4. La fase dell’industriosità e del senso di inferiorità (6-11)


Il dilemma presentato nella fase dell’industriosità e del senso di inferiorità (6-42 anni) è tipica di un
bambino chiamato a realizzare alcune conquiste. A scuola deve imparare a leggere, scrivere e a far di conto.
Il mancato sviluppo di queste nuove abilità complesse e il confronto con i coetanei può causare un senso di
inferiorità che si ripercuoterà nello sviluppo successivo.
L’adulto che ha vissuto male questo periodo presenterà una bassa autostima e un senso di inferiorità nei
confronti degli altri. Ciò può costituire la base per l’insorgere di disturbi depressivi. Gli adulti devono
prestare attenzione a non enfatizzare o far pesare troppo eventuali insuccessi scolastici, ma sostenere i
bambini con interventi mirati (aiuti a casa, affiancamento nello svolgimento dei compiti scolastici, ecc.).

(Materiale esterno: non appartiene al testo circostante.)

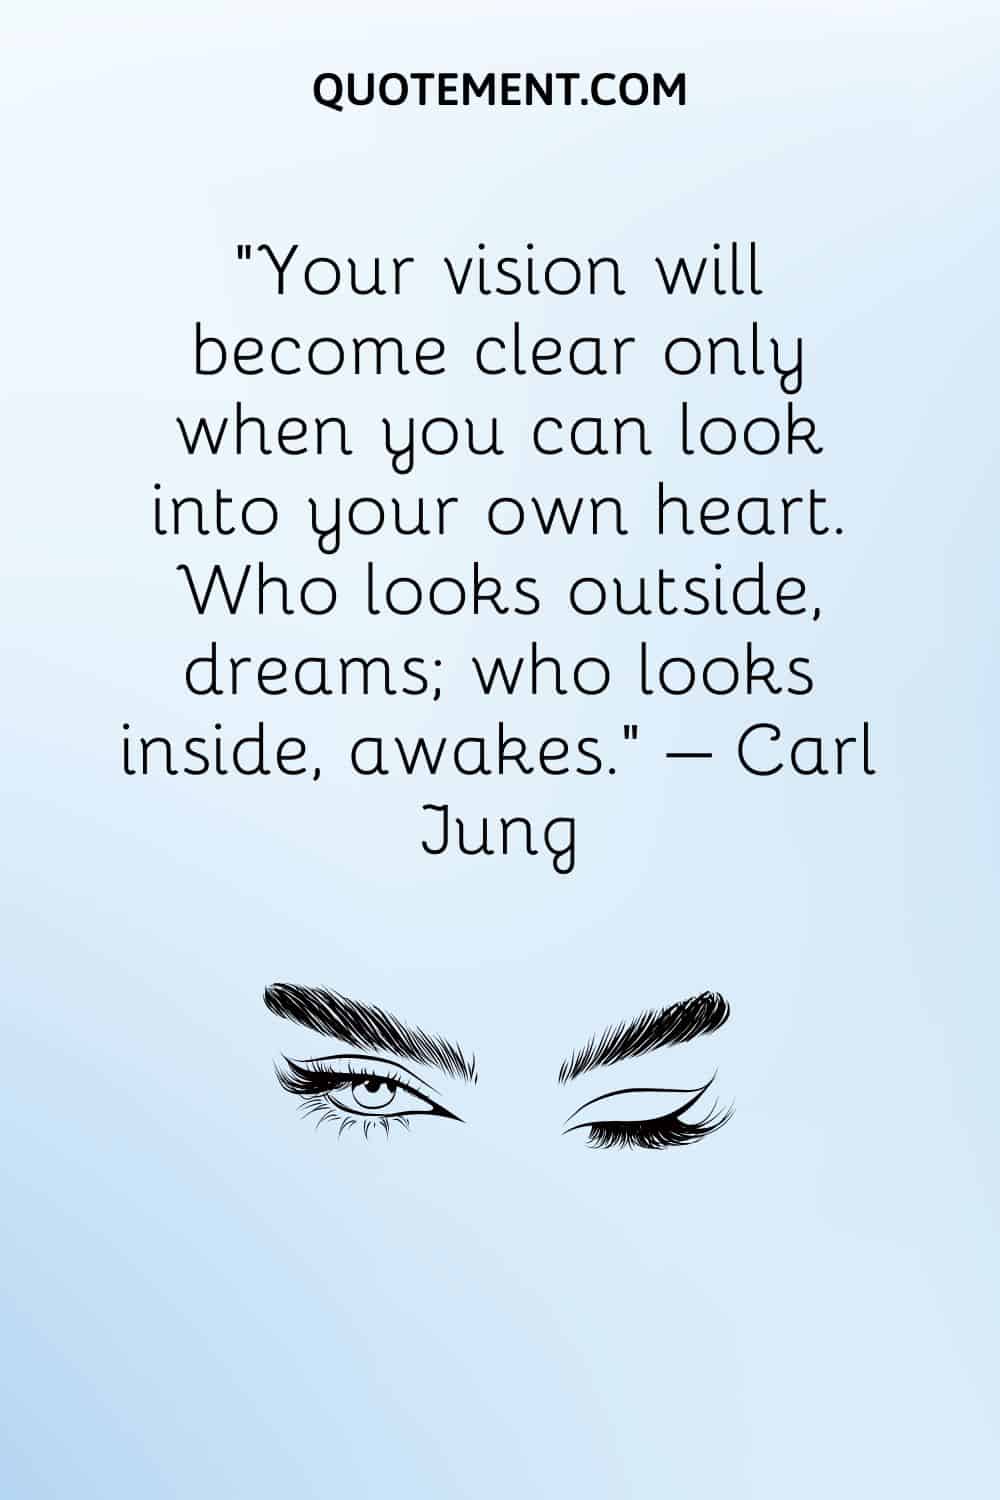 Your vision will become clear only when you can look into your own heart. Who looks outside, dreams; who looks inside, awakes

5. La fase dell’identità e dispersione (12-18)


Nella fase dell’identità e della dispersione (13-18 anni) il ragazzo deve fare i conti con la conquista della
propria identità sia di genere che di collocazione nel mondo sociale e professionale.
In questo processo di ricerca il ragazzo è costretto a sperimentare più ruoli. Se la confusione nell’assumere
ruoli perdura e il ragazzo non riesce a formulare delle scelte chiare avremo un individuo “disperso” che
avvertirà una scarsa continuità nel proprio Io.

6. La fase dell’intimità e isolamento (19-25 - età giovanile)

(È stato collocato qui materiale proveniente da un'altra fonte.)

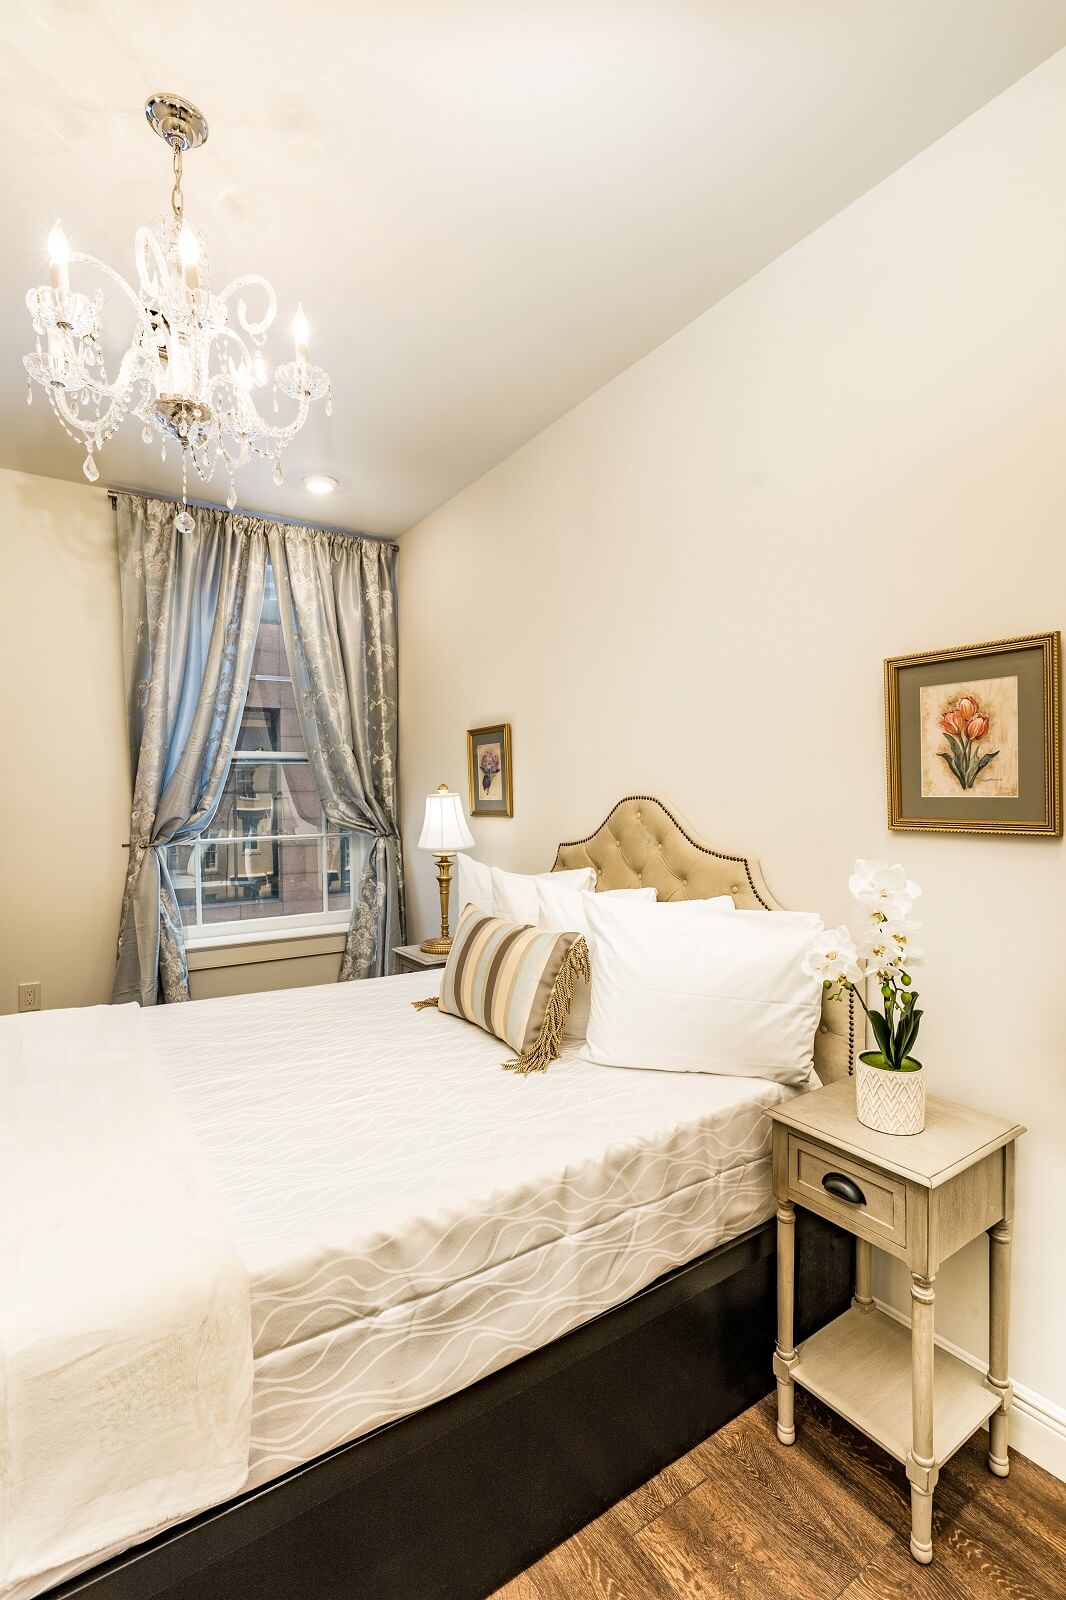 The Alexandre Unit 405 bedroom, a New Orleans luxury rental.

Erikson descrive la dialettica tra due tendenze contrapposte: l’esigenza di fondersi con gli altri e quella di
preservare la propria identità isolandosi. Il ragazzo riesce a uscire da questo dilemma quando consolida un
legame di coppia che può sfociare nella convivenza o nel matrimonio. In questo caso, si consolidano le
amicizie e ci si dedica alla vita professionale in maniera produttiva. Se questo non avviene, l’individuò si
chiuderà in se stesso avvertendo negli altri una minaccia alla propria identità e alla vita di coppia.

7. La fase della generatività e stagnazione (26-40 - età matura)


L’individuo avverte l’esigenza che gli altri abbiano bisogno di lui perciò cerca di realizzare qualcosa avvertito
come positivo sia dal punto di vista professionale sia dal punto di vista familiare, magari mettendo al
mondo dei figli.

8. La fase dell’integrità dell’Io e disperazione (dai 40 in poi)


L’individuo tenta un bilancio di quanto è riuscito a realizzare nella vita. Deve accettarsi così com’è. Se
avverte che ha realizzato molte cose avrà un’Io integro, diversamente sopraggiungerà la disperazione.
Con le opportune differenze, dettate dalle mutate condizioni sociali e culturali, la teoria delle otto fasi di
sviluppo di Erikson è ancora accoglibile.